The thinner the margins, the greater the incentive to cut corners. The financial benefit lawmakers tout when they opt to privatize prison services “often doesn’t come from increased efficiencies, but instead comes from cutting costs and shifting money away from the service” to profits and executive salaries, privatization expert Shar Habibi has told ThinkProgress in the past.
The economics of privatized prison services convert individual incarcerated humans into the fulcrums on which companies like Aramark balance their books. Turning prisons into profit centers thereby makes a mockery of the original purpose of incarceration: To repay society, achieve penitence, and grow into a person who will abide by the law upon release.
Many members of the worldwide institution that Francis heads are working hard to return the U.S. prison system to that original societal function. Both Catholic and interfaith groups have long agitated against the death penalty, and in recent years their critique has expanded to include opposition to life sentences and solitary confinement. The goal is to return to “restorative justice,” as many faith activists label it, instead of the exploitative model of incarceration produced by years of privatization and funding cuts.

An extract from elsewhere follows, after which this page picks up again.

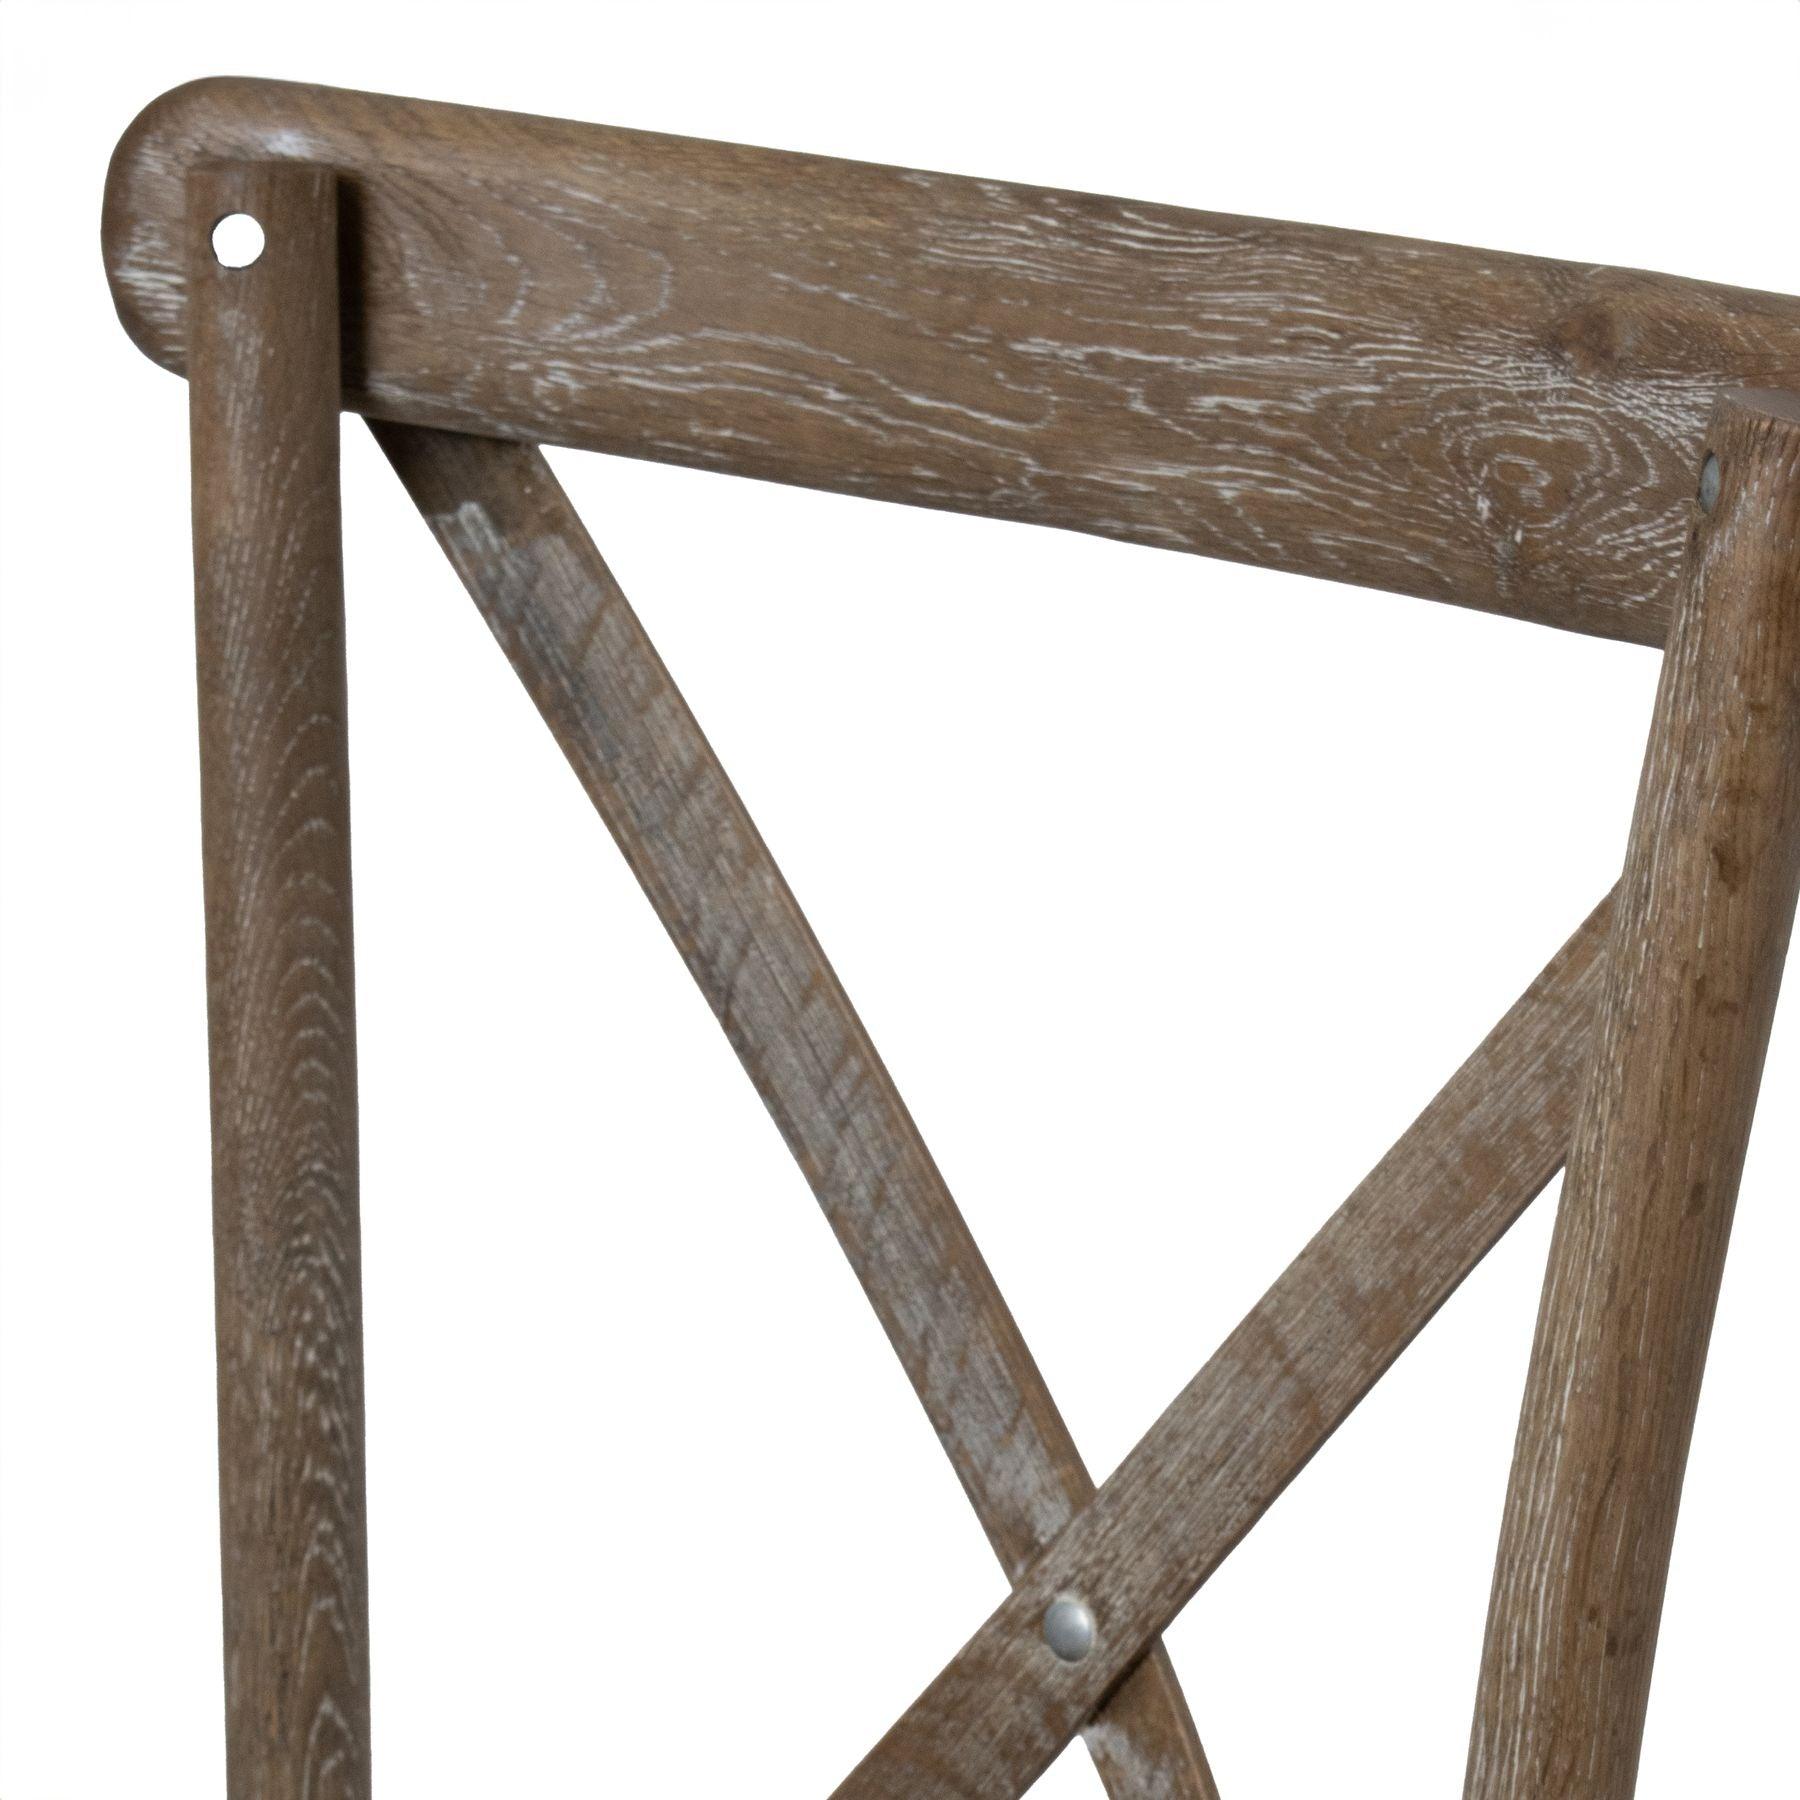 Light Oak Cross Back Dining Chair - Abode Decor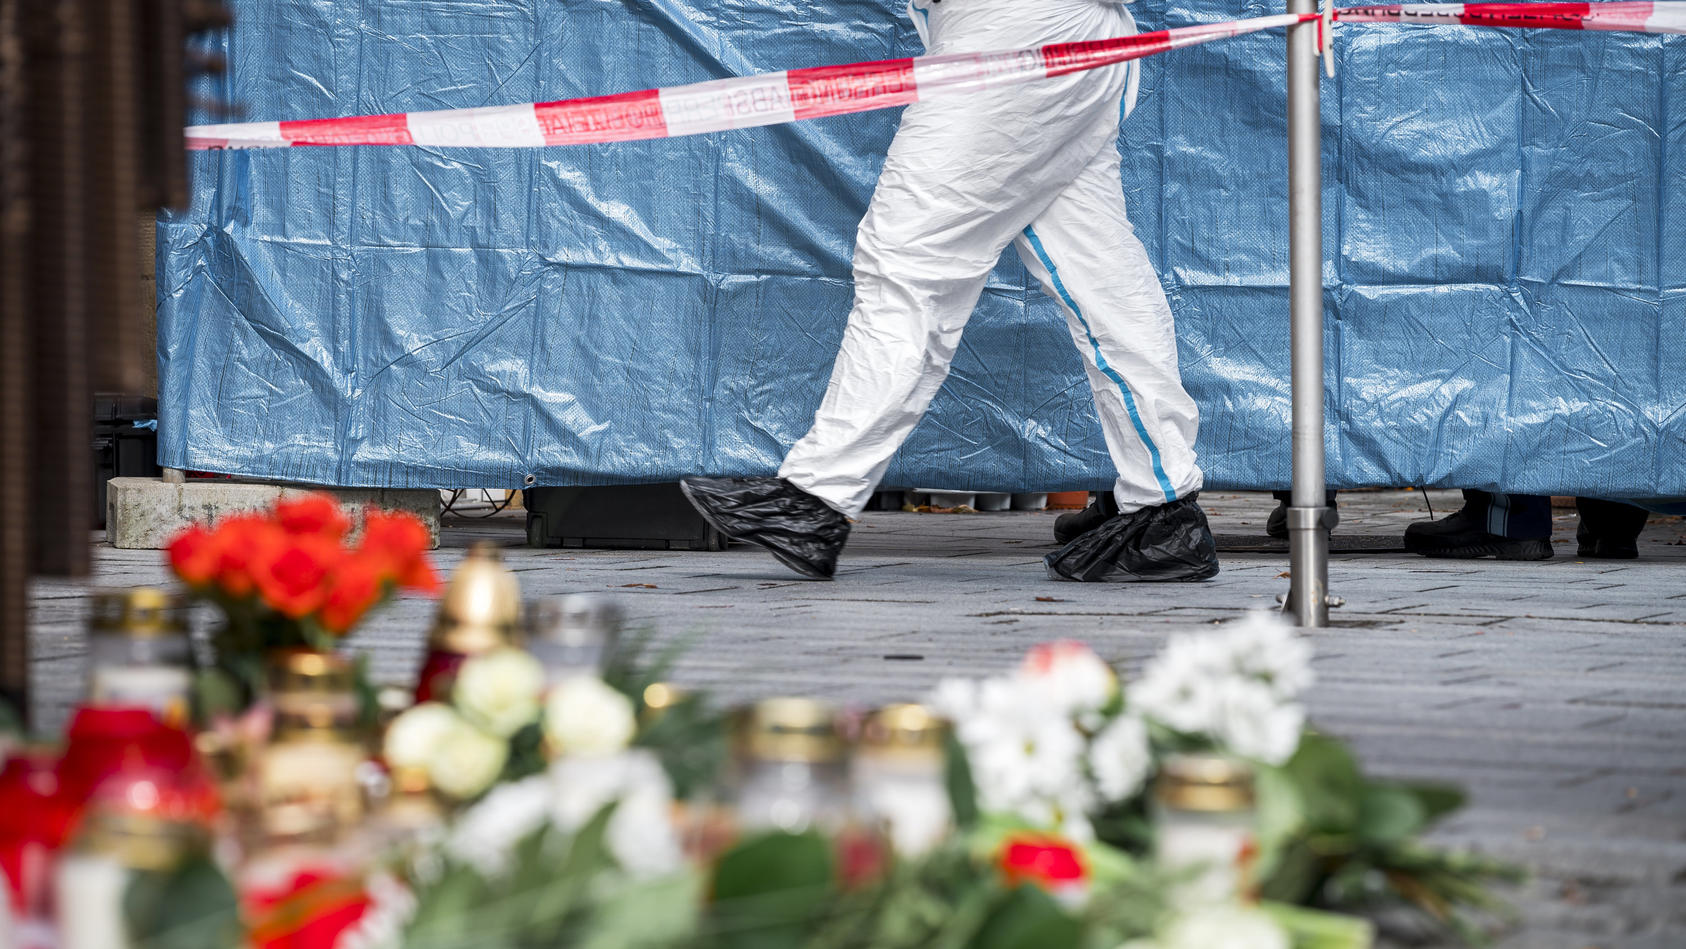 13.03.2023, Bayern, Lichtenfels: Ein Mitarbeiter der Spurensicherung geht in den abgesperrten Bereich vor dem Blumengeschäft, in dem am Freitagabend eine leblose Frau aufgefunden wurde. Spaziergänger hatten die tote 50-Jährige in dem Blumenladen in d

Systems that actually provide rehabilitation — and reduce recidivism rates — have been scorched by budget fighting and tough-on-crime political rhetoric. Spending cuts have shrunk prisoner re-entry programs across the country, exacerbating recidivism risk for people who already face massive obstacles to getting a job after release.
Federal higher-education dollars have been legislatively banned from prisons since the 1990s, and the Obama administration’s decision this summer to use executive authority to restore Pell Grants to prisoners on a small-scale pilot basis made headlines. Prison workshops that theoretically equip inmates to find lawful work upon release have been exploited as free-labor profit centers by unscrupulous prison employees.
The most public face associated with the faith community’s criticisms of the perversion of the U.S. prison system is Francis’. Giant crowds and public speeches may prove the most memorable pieces of his visit to the States, but September’s face-to-face encounter between the American prison industry and the Pope may be the most significant.
The marginal returns of Aramark’s pope merchandising pop-up and the accompanying online store are unclear. The company did not respond to multiple calls seeking comment.